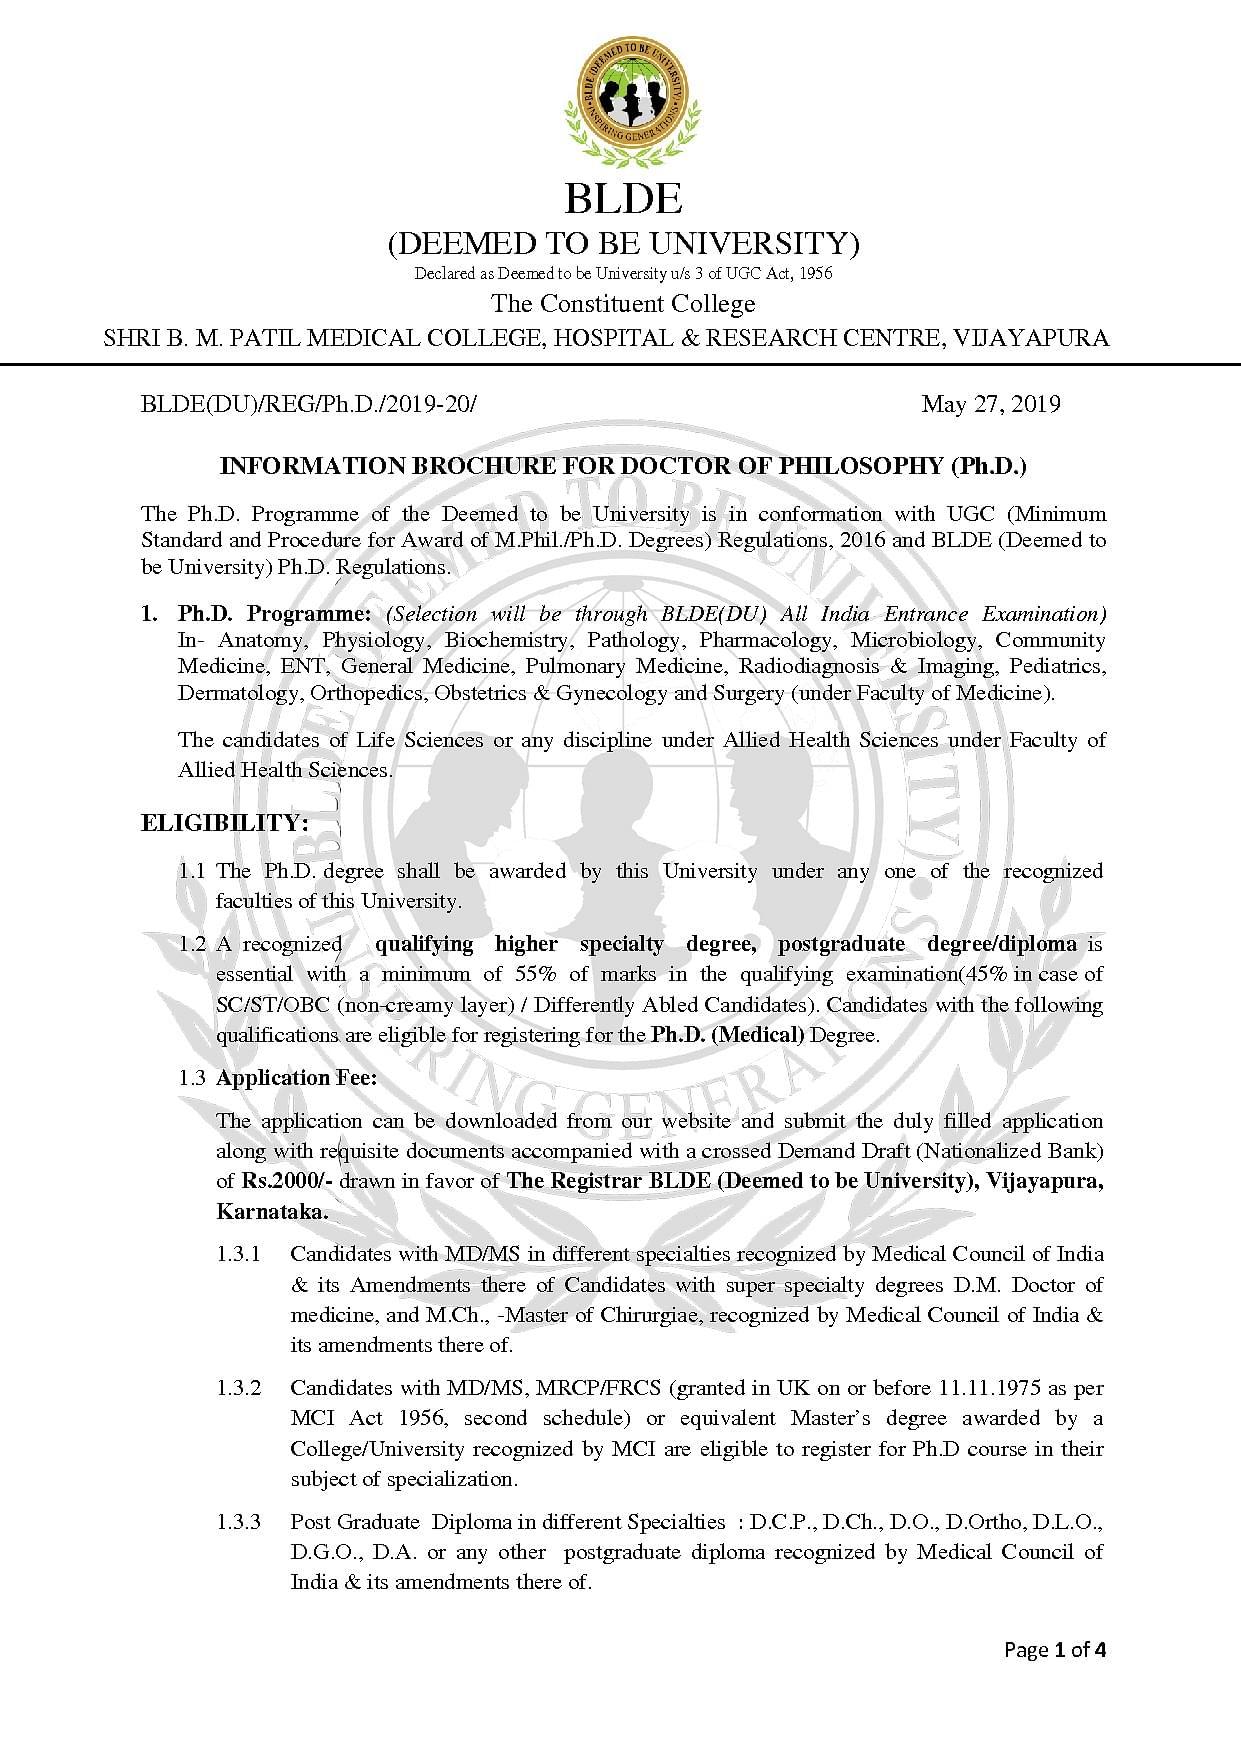 BLDE University, Bijapur - Admissions, Contact, Website
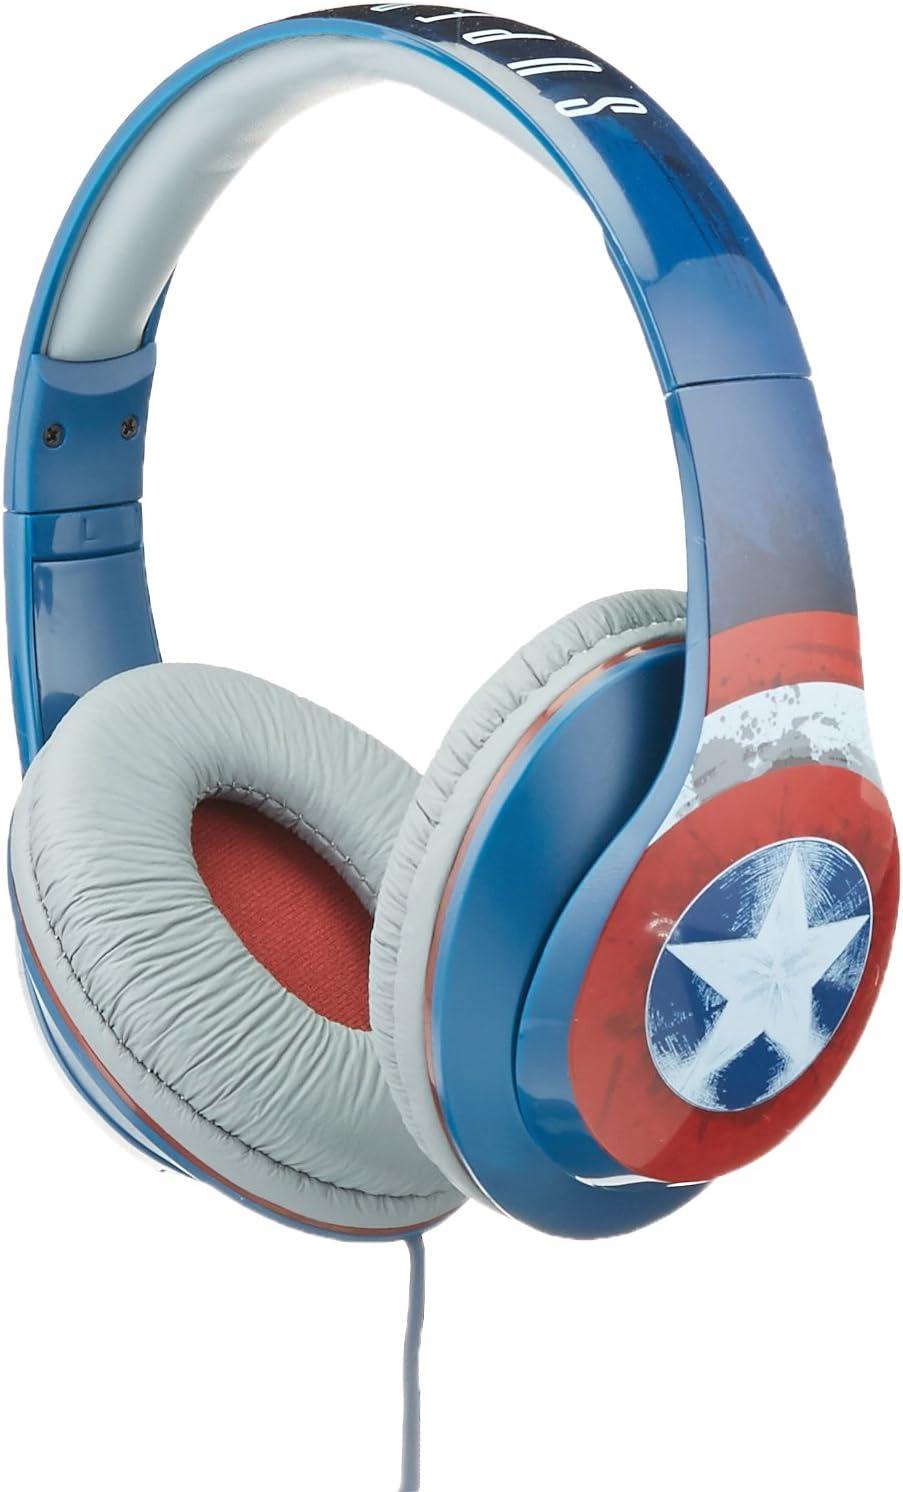 Ekids Marvel Captain America Headphones With Microphone Elektronik
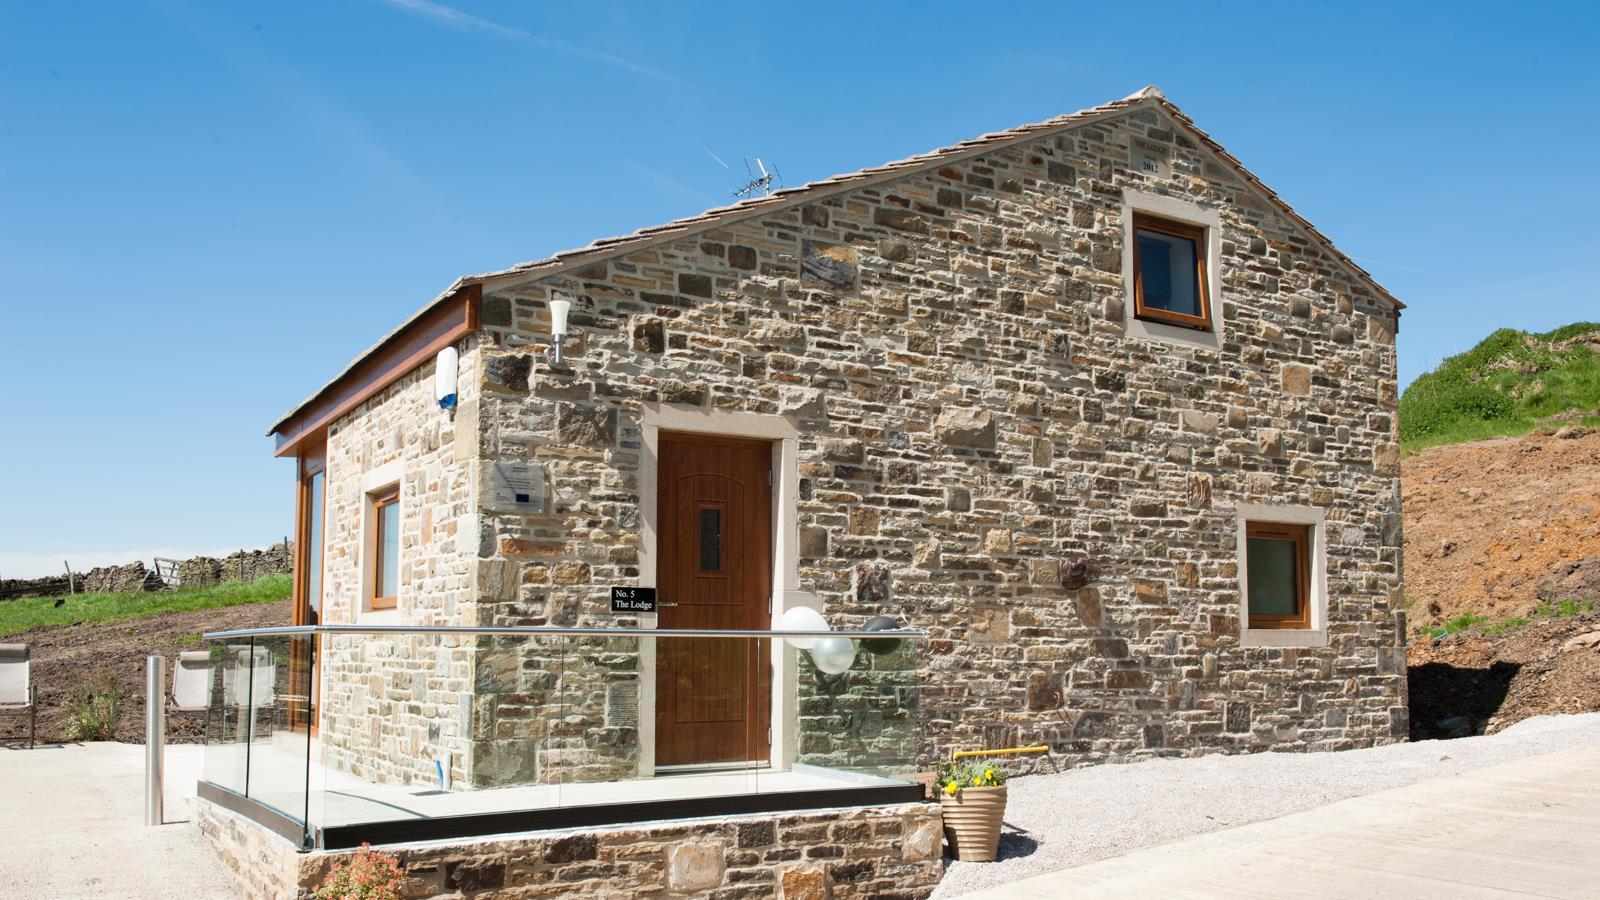 Picture of Parrock Lumb Cottages
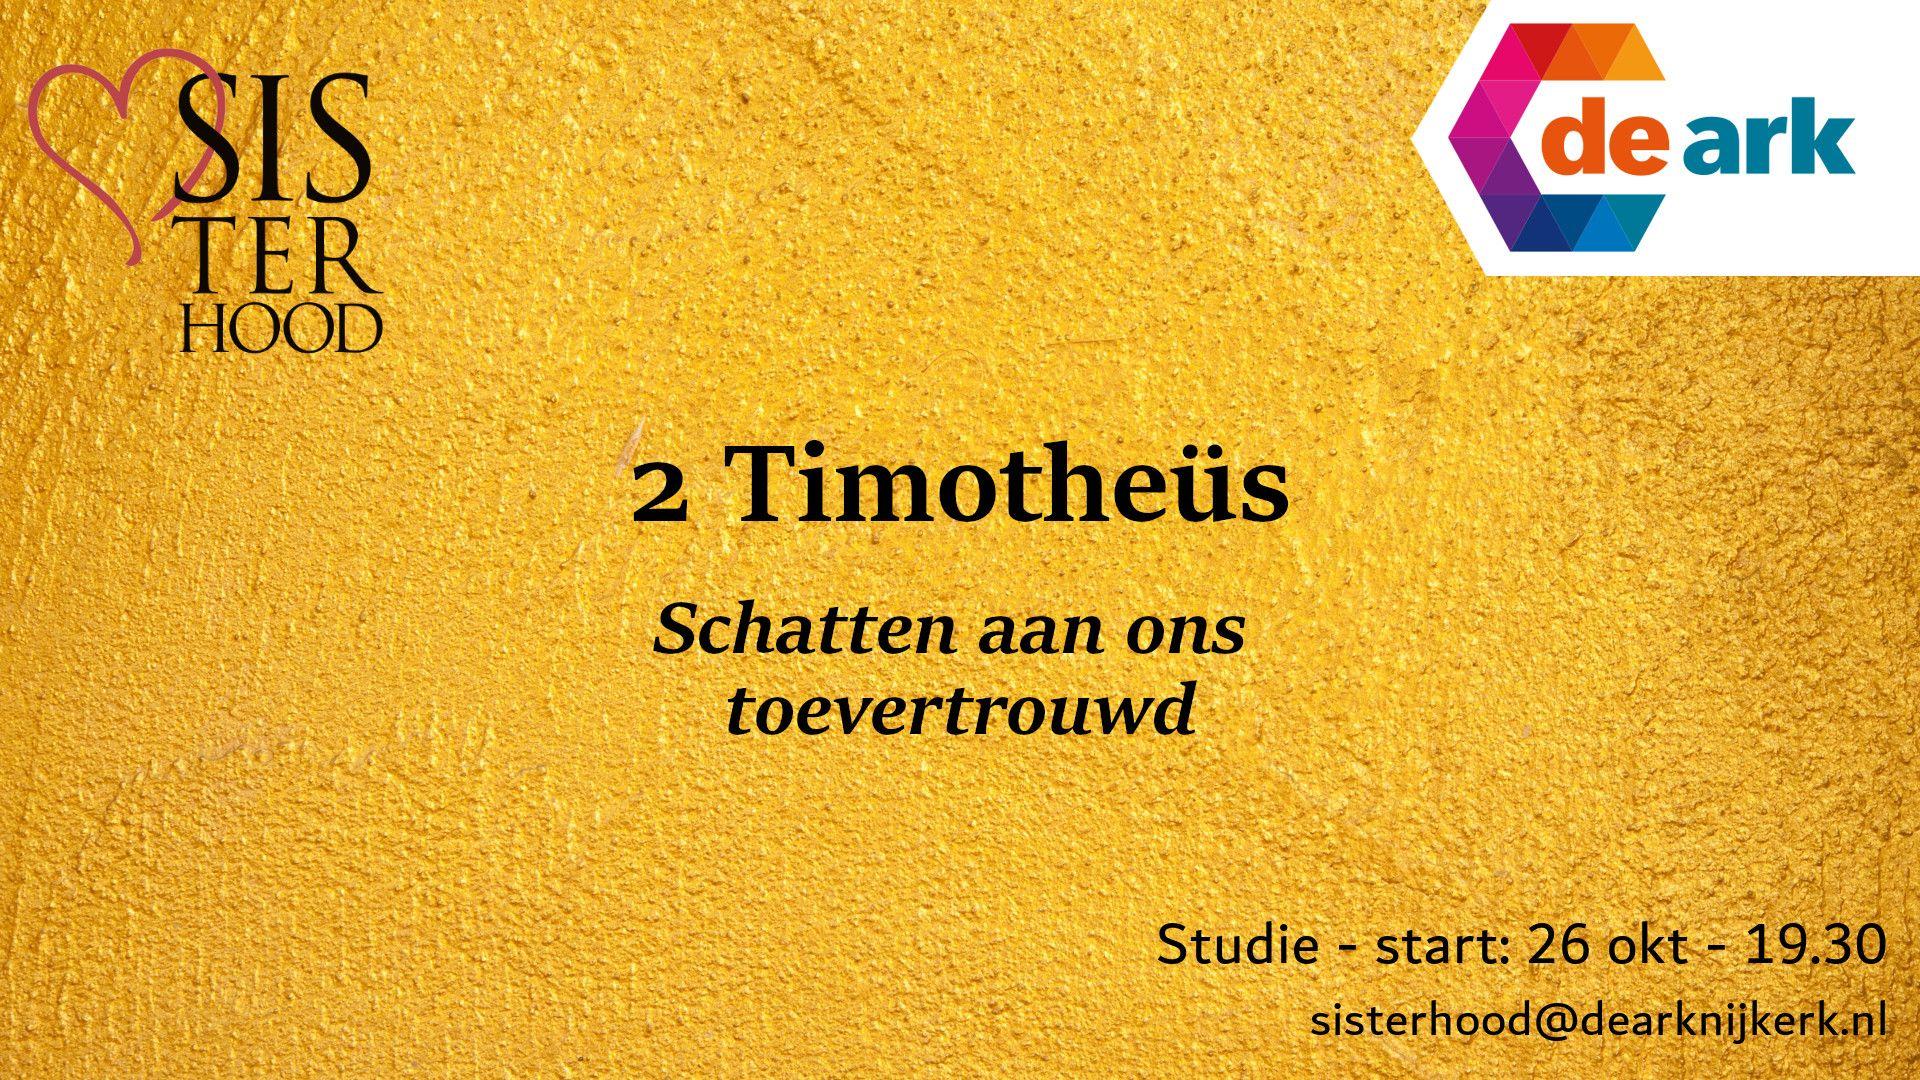 Sisterhood bijbelstudie 2 Timotheüs
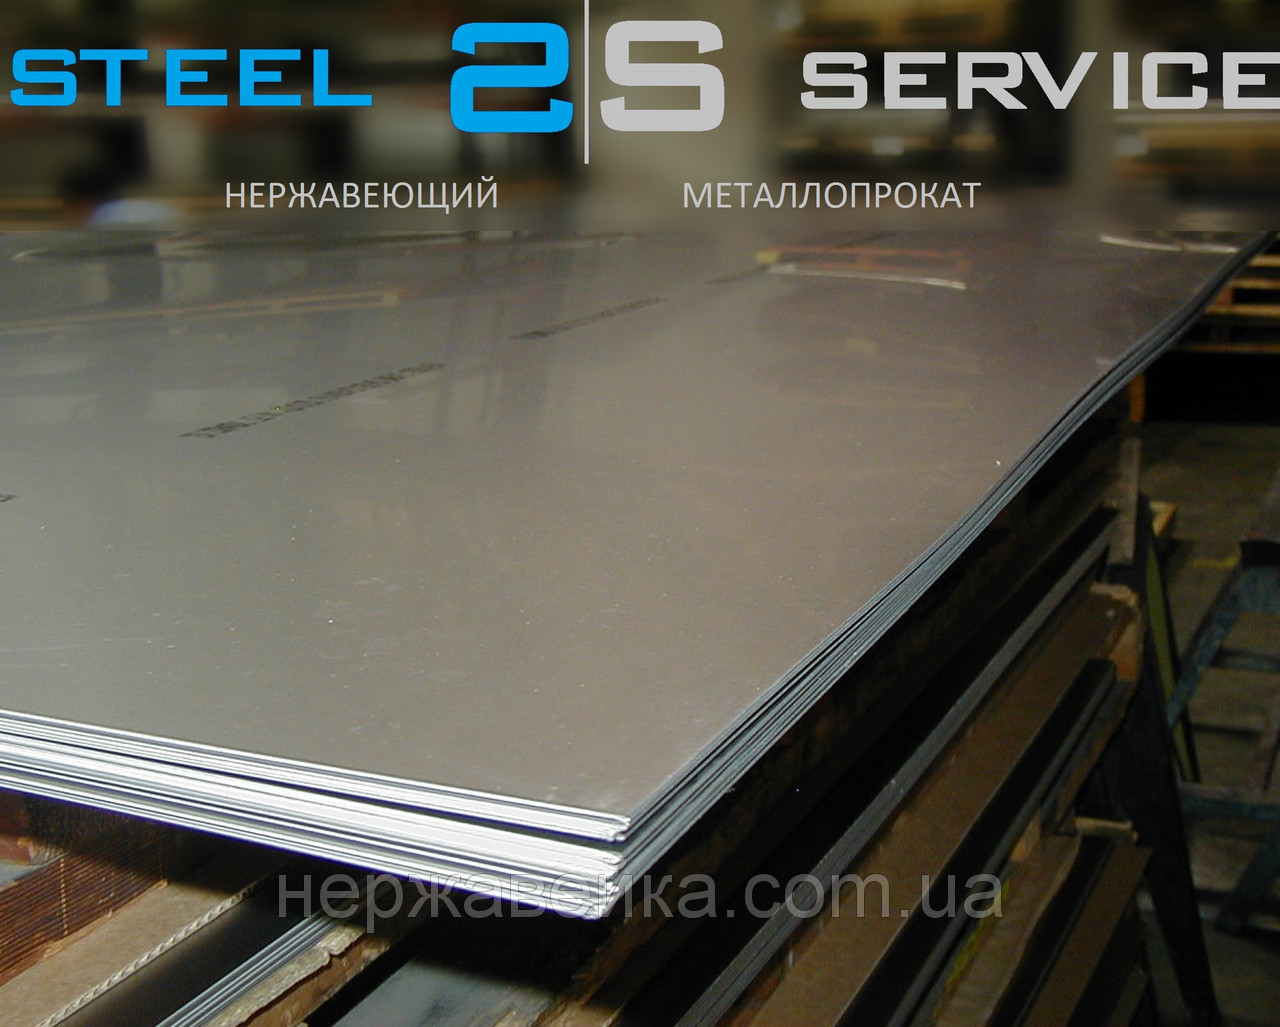 Нержавеющий лист 2х1500х3000мм  AISI 316Ti(10Х17Н13М2Т) BA - зеркало,  кислотостойкий

****************************************

▶ **Problem to work on**: All of the material is to be reproduced verbatim, pictures excluded.

▶ **Response**:
 BLDE University, Bijapur - Admissions, Contact, Website
 Ekids Marvel Captain America Headphones With Microphone Elektronik
 Picture of Parrock Lumb Cottages
 Sisterhood bijbelstudie 2 Timotheüs
 Нержавеющий лист 2х1500х3000мм  AISI 316Ti(10Х17Н13М2Т) BA - зеркало,  кислотостойкий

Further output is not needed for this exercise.